Militer Zionis Gempur Sebuah Rumah di Rafah
https://parstoday.ir/id/news/west_asia-i75591-militer_zionis_gempur_sebuah_rumah_di_rafah
Militer rezim Zionis Israel melancarkan serangan udara ke sebuah rumah di kota Rafah, selatan Jalur Gaza, Rabu, 13 November 2019.
(last modified 2025-07-30T02:55:16+00:00 )
Nov 13, 2019 16:44 Asia/Jakarta

Militer rezim Zionis Israel melancarkan serangan udara ke sebuah rumah di kota Rafah, selatan Jalur Gaza, Rabu, 13 November 2019.

Sayap militer Jihad Islam Palestina, Brigade al-Quds  pada hari Rabu mengumumkan bahwa Komandan pasukan Jihad Islam Palestina di pusat Gaza, Khaled Moawad Faraj gugur syahid dalam serangan udara militer rezim Zionis.

Militer rezim Zionis pada hari Selasa dini hari juga membombardir rumah seorang komandan militer Jihad Islam Palestina, Baha Abu al-Ata di Shajaeya.

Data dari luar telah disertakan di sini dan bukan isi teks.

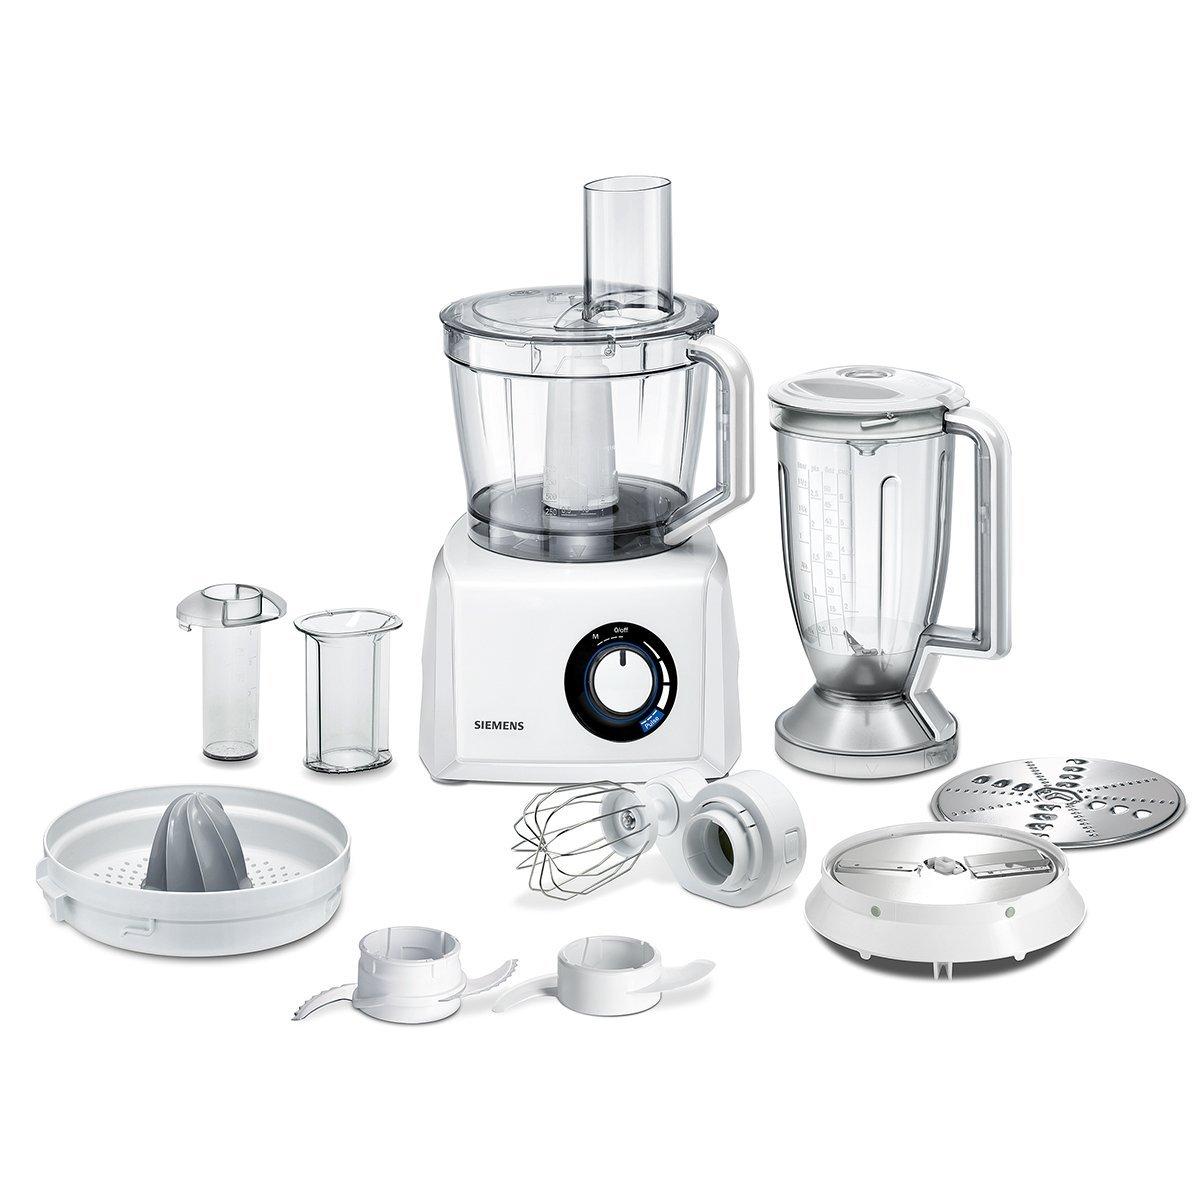 Was kann alles mit einer Küchenmaschine zubereitet werden?

Serangan di Gaza timur tersebut menyebabkan Baha Abu al-Ata dan istrinya gugur syahid dan tiga lainnya termasuk dua anak-anak terluka.

Menanggapi serangan keji itu, kelompok-kelompok perlawanan Palestina melancarkan operasi rudal berskala besar menargetkan Tel Aviv, Haifa dan distrik Zionis di sekitar Gaza.

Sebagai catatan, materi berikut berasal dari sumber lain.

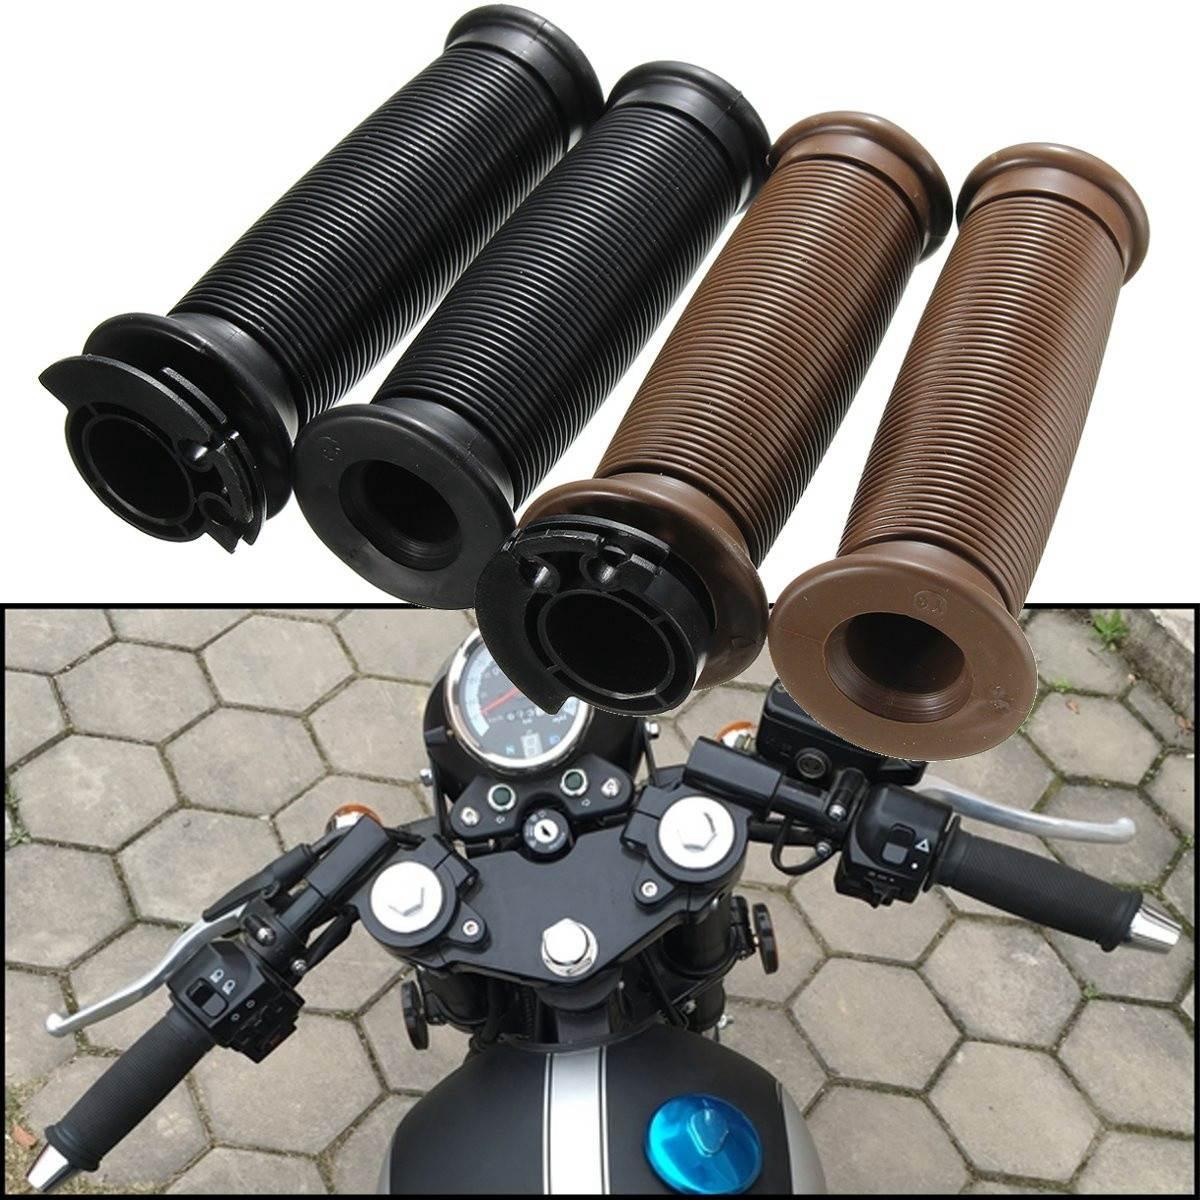 moto custom manopole-acquista a poco prezzo moto custom manopole

Kelompok-kelompok perlawanan Palestina dalam pernyataan terpisah menyatakan bahwa rezim Zionis harus bertanggung jawab atas pembunuhan Abu Al-Ata, dan kejahatan mereka tidak akan dibiarkan begitu saja.

Brigade al-Quds dalam pernyataan bersama dengan Kataeb al-Mujahidin pada hari Rabu mengumumkan, kota Ashkelon dan Sderot telah dihantam 20 rudal sebagai balasan terhadap Israel.

"Hari ini, Rabu, Brigade al-Quds dan Kataeb al-Mujahidin menembakkan 20 rudal ke dua kota Zionis. Rudal-rudal itu tepat mengenai sasaran, namun sebagaimana biasanya, Israel tidak mempublikasikan kerugian dan korban jiwa serangan tersebut," kata pernyataan itu.

Jihad Islam Palestina mengaku bertanggung jawab atas serangan rudal ke Ashkelon dan Sderot, dan menyebutnya sebagai balasan atas teror terhadap Baha Abu Al Ata, dan upaya teror atas Akram Al Ajouri di Damaskus serta berbagai kejahatan Israel.

Pada hari Selasa,  jet-jet tempur Israel membombardir Gaza dan menyebabkan 16 warga Palestina termasuk Baha Abu Al Ata gugur syahid. Puluhan orang juga terlukan dalam serangan terbaru Israel ke Gaza. (RA)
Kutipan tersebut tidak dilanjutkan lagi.